Так или иначе, перед нами книга, вышедшая в поэтической серии, и, значит, мы можем посмотреть, как работают в качестве стихов монологи, к которым Малиновская не добавила «ни одного слова от себя». Это рассказы, жалобы, откровения, мольбы («Вы должны помочь мне вернуться к человеческому существованию!»), ответы на вопросы, дневники, реплики с интернет-форумов о «подселенцах» (энергетических сущностях, «цепляющихся» к человеку). Это мучающие пациентов внутренние голоса – их фиксации специально посвящена третья и самая страшная часть «Каймании», но так или иначе с ними знакомы почти все герои книги. А еще – это отчеты о самолечении, попытки упорядочить свое мироощущение, провести самоанализ.
В 2011 году сквозь меня прошла Вселенная.
Всеобъемлюще. Но безвозвратно.
Мое сознание стало иным.
Остатки человеческого просто выжигаются из него.
Самый простой и формальный поэтический прием – разбиение на строки – позволяет выделить в тексте признаки, что называется, «найденной поэзии».
сегодня сделали
чтобы мой горловой звук дрожал
наложили боль
голос в стонах задрожал
Опять же, легко было бы обвинить Малиновскую в эстетизации, эксплуатации ритмов, созданных душевной болью, не задуманных в качестве эстетического жеста. Но посыл «Каймании», как мне кажется, подчеркнуть не поэтичность вербатима, а важнейшие его мотивы (как в приведенном выше достаточно случайном примере – боль и дрожь). Пояснить, насколько эти ритмы разнообразны, – в «Каймании» это показано в том числе на графическом уровне: благодаря пробелам, отступам, присутствию или отсутствию знаков препинания. Работая с артикуляцией своих героев, подвергая их речь поэтической обработке, Малиновская оказывает им что-то вроде «постпомощи».

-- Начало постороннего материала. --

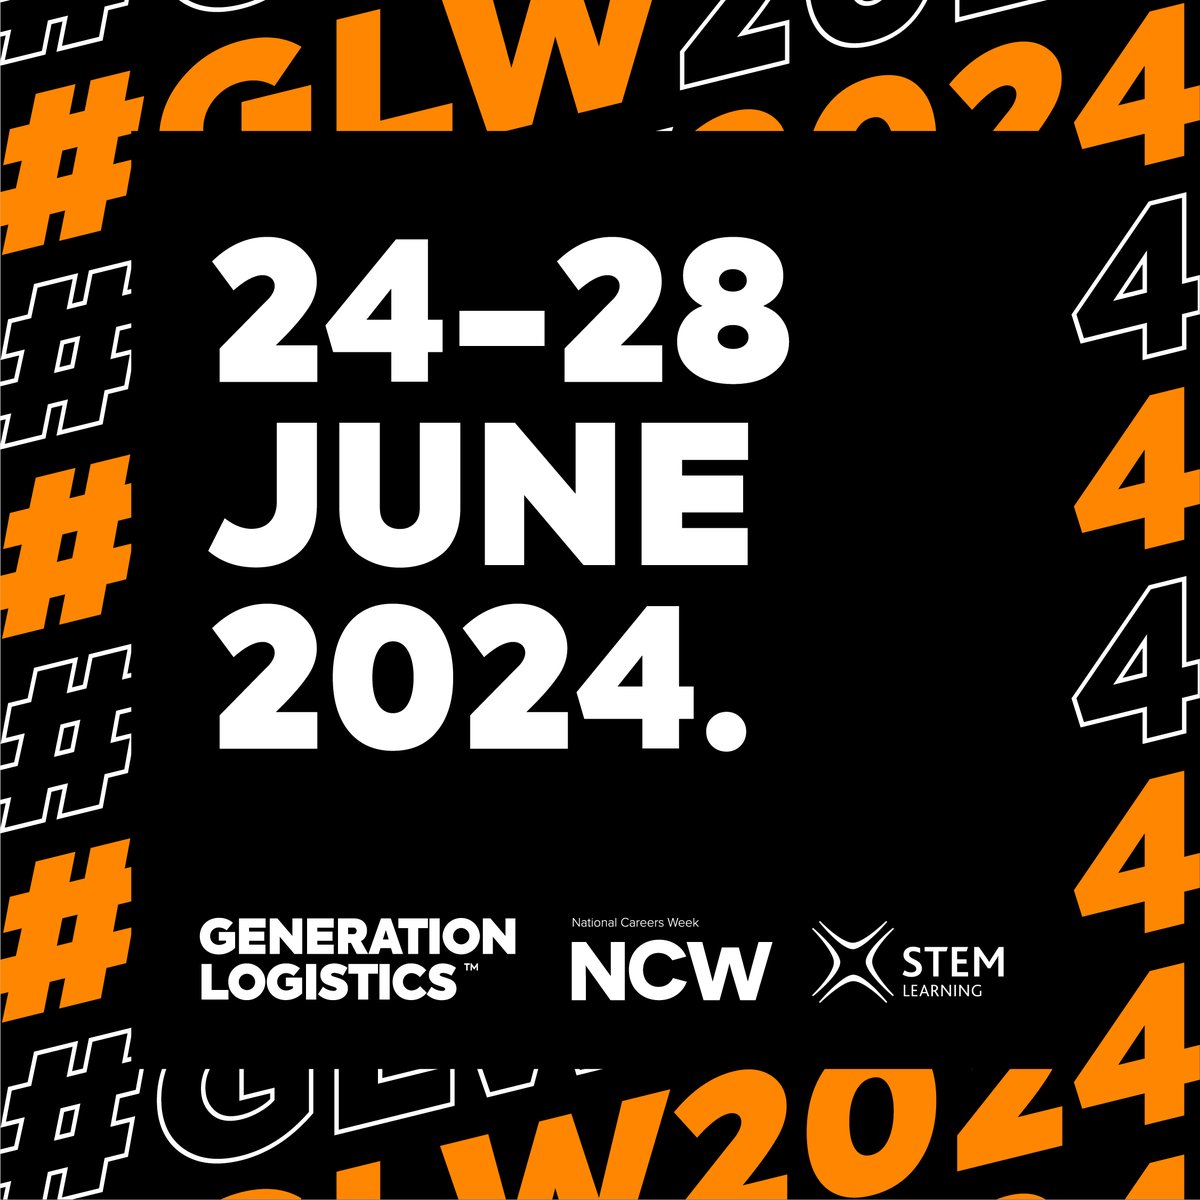 𝙂𝙀𝙉𝙀𝙍𝘼𝙏𝙄𝙊𝙉 𝙇𝙊𝙂𝙄𝙎𝙏𝙄𝘾𝙎 𝙒𝙀𝙀𝙆    
🗓️24th - 28th June.    
Official hashtag #GLW2024   
Socials 🤳
glw2024.co.uk
Case Studies 📑
generationlogistics.org/case-studies/ 
FREE Resources 📚educationhub.generationlogistics.org/resources/

@Gen_Logistics

Здесь, конечно, важен эффект ее закадрового присутствия. Известно, что герои «Каймании» знали о проекте Малиновской и интересовались его судьбой, хотя кто-то поначалу не шел на коммуникацию: так, пациент Андрей (все имена в книге, конечно, изменены) произносит: «Не советую это делать. / Не трожь меня, девочка». Связь все же устанавливается: из рассказа Андрея и взято название книги. «Дух сказал – Каймания. Каймания – древние знания. От фразы „и мы так умеем”, „и мы точно так же”». Некоторые тексты можно воспринять как исповедь, в том числе в вещах действительно ужасных («лет в пятнадцать занимался сексом с мальчиком страдавшим идиотией / издевался над ним») – но тут исповедника нет: перед нами речь de profundis, зафиксированная человеком, который ничем не может помочь. Но все же для кого-то такое интервью – возможность быть услышанным. Для кого-то – возможность донести откровение, за которое пришлось расплатиться благополучием. А кто-то прекрасно понимает, что до конца объяснить ничего нельзя: «чтобы передать голос понадобились бы слова сложнее чем надо».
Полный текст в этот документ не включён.